DATA PROVIDED START

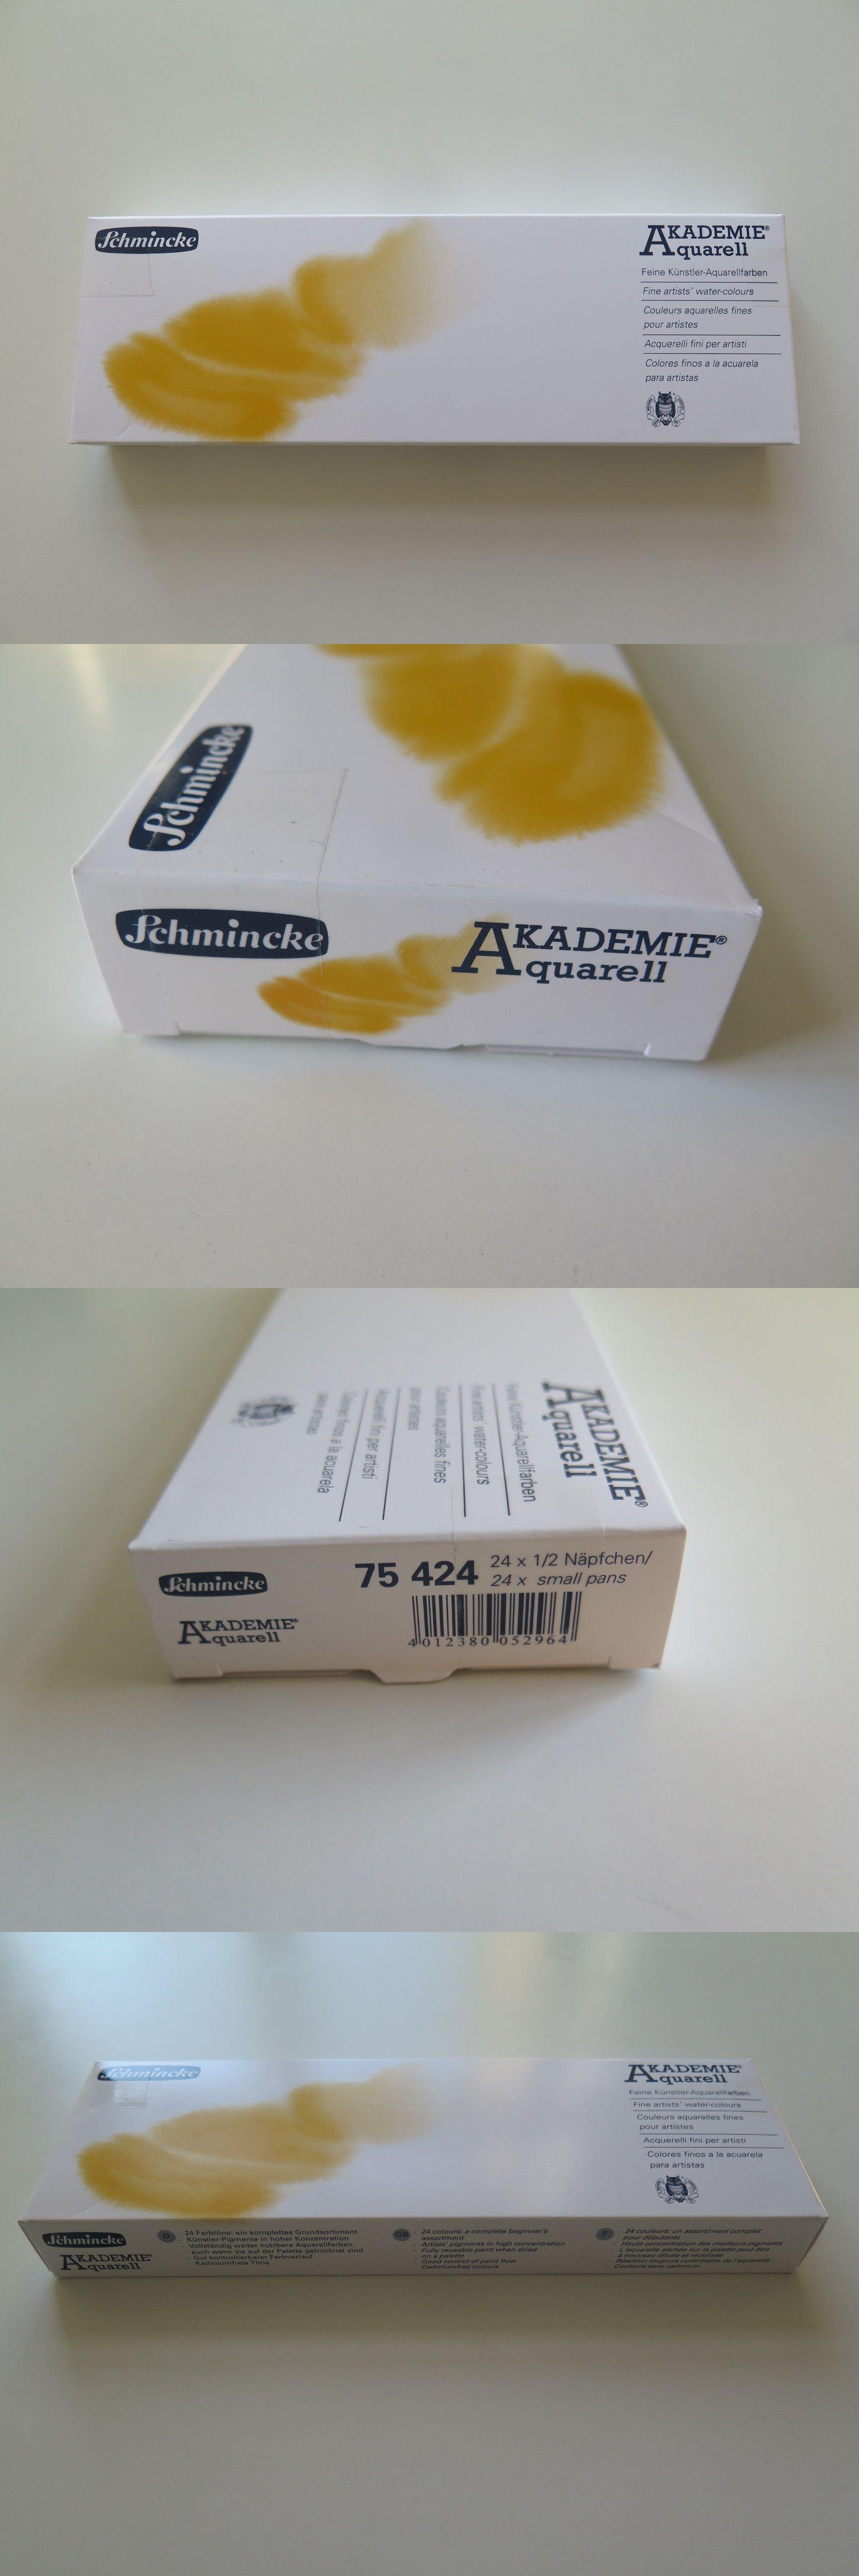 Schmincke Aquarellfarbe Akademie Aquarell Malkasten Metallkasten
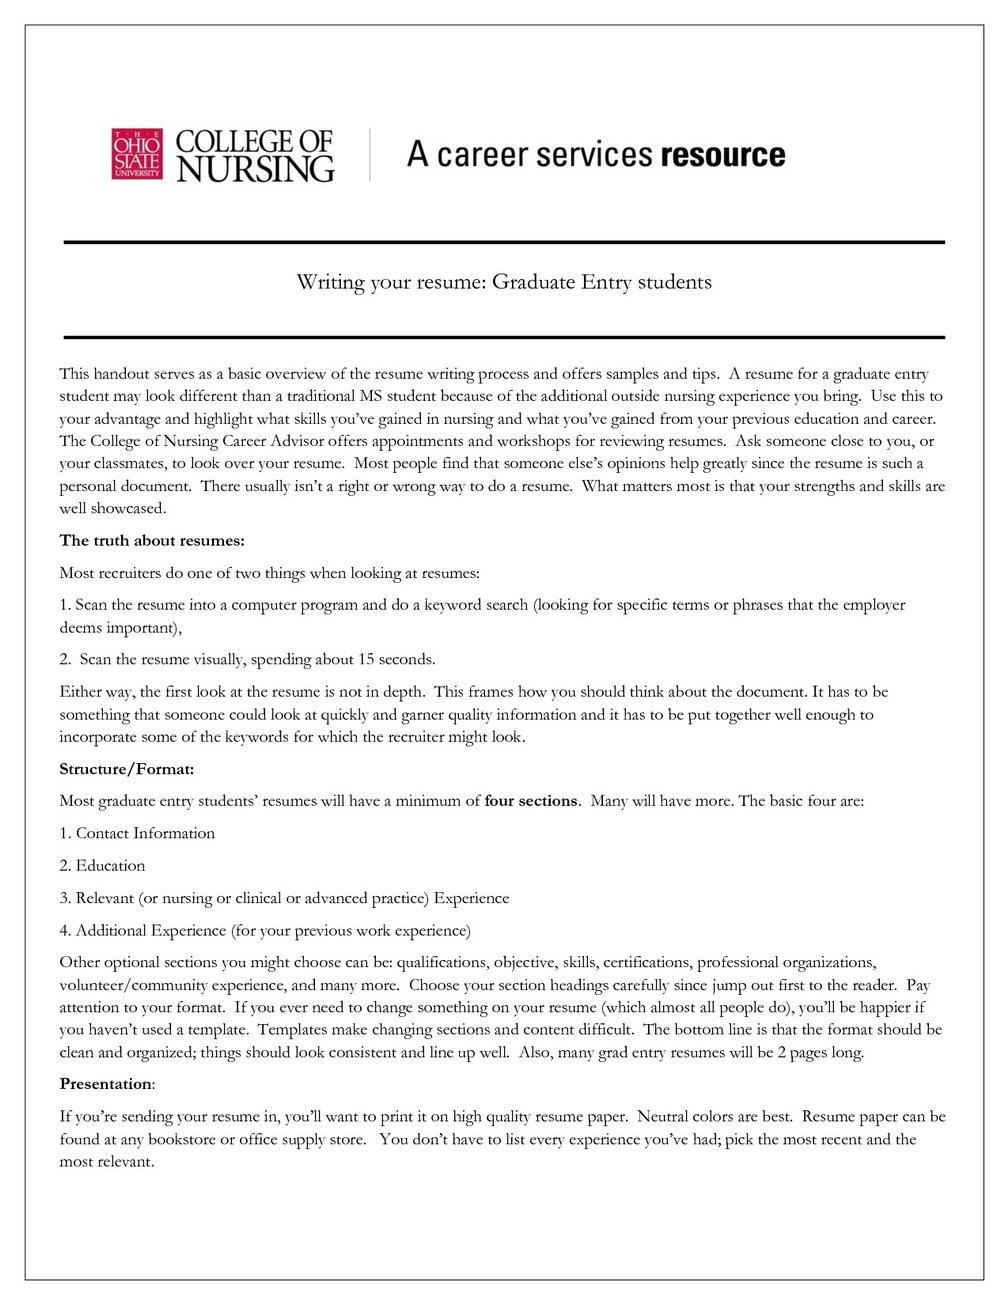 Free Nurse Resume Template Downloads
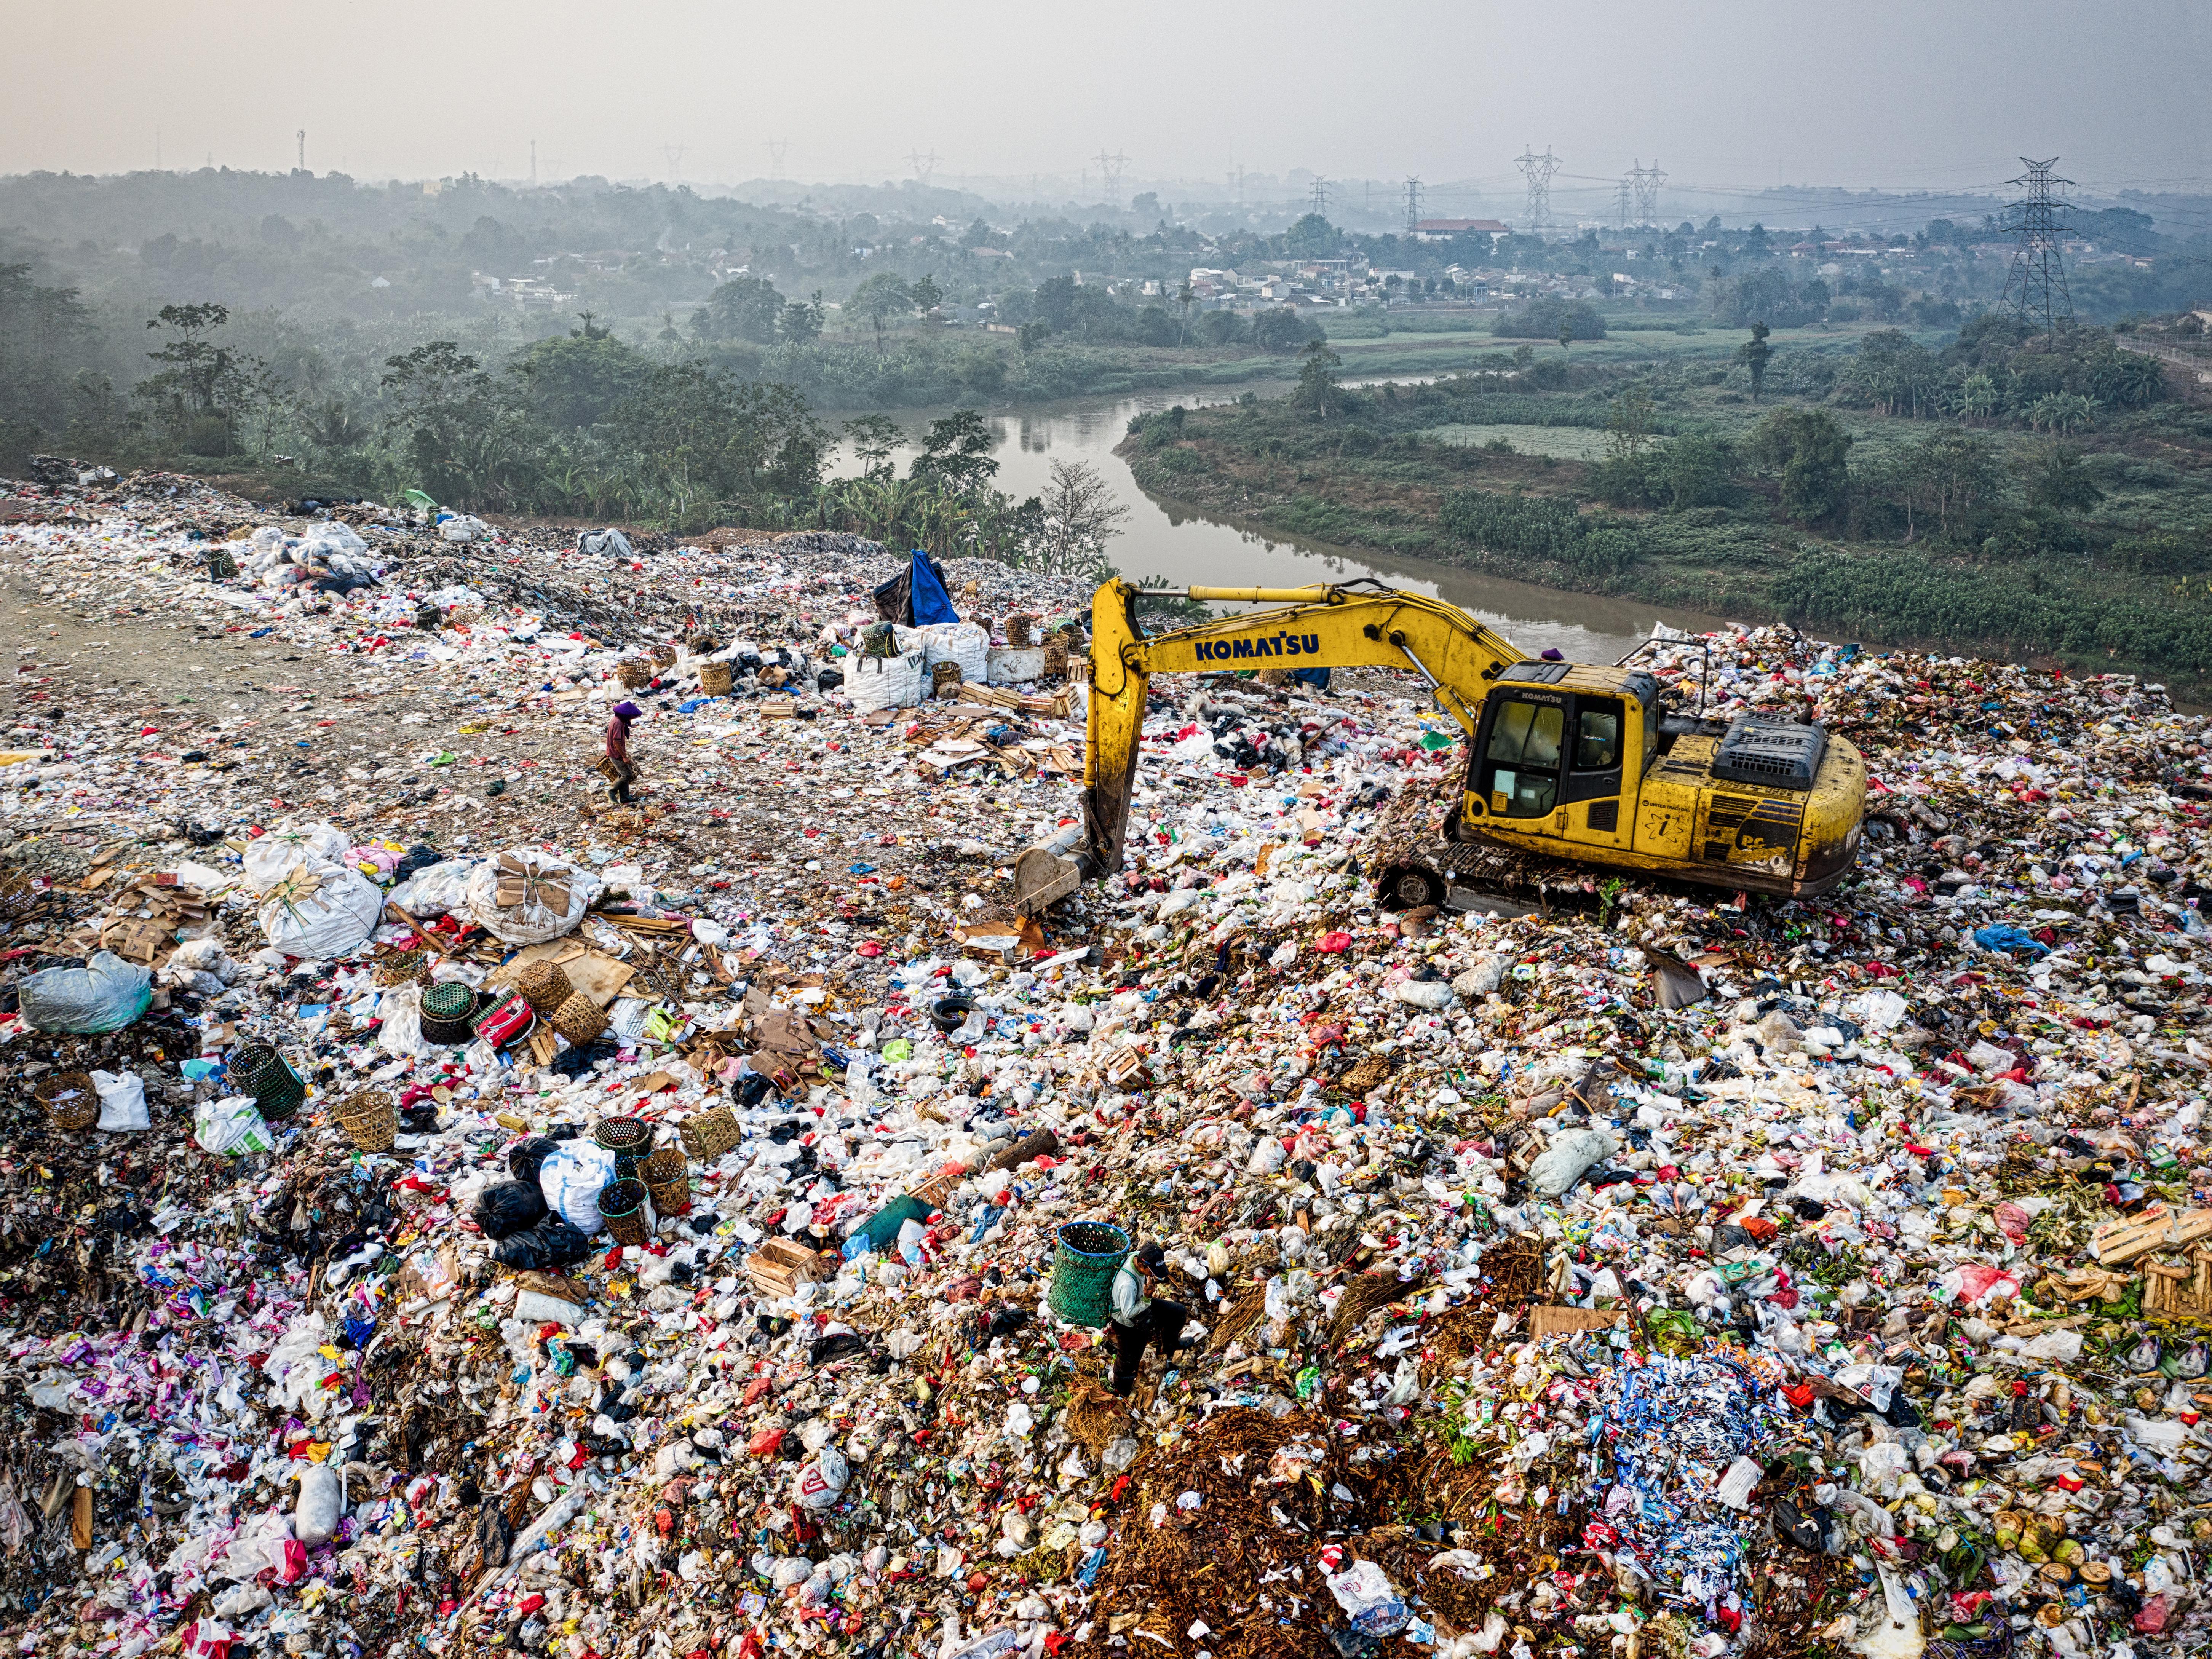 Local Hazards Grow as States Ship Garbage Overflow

DATA PROVIDED END

## ASSIGNMENT:
Reproduce the data word for word; no pictures.

## TASK RESPONSE:
 Schmincke Aquarellfarbe Akademie Aquarell Malkasten Metallkasten
 Free Nurse Resume Template Downloads
 Local Hazards Grow as States Ship Garbage Overflow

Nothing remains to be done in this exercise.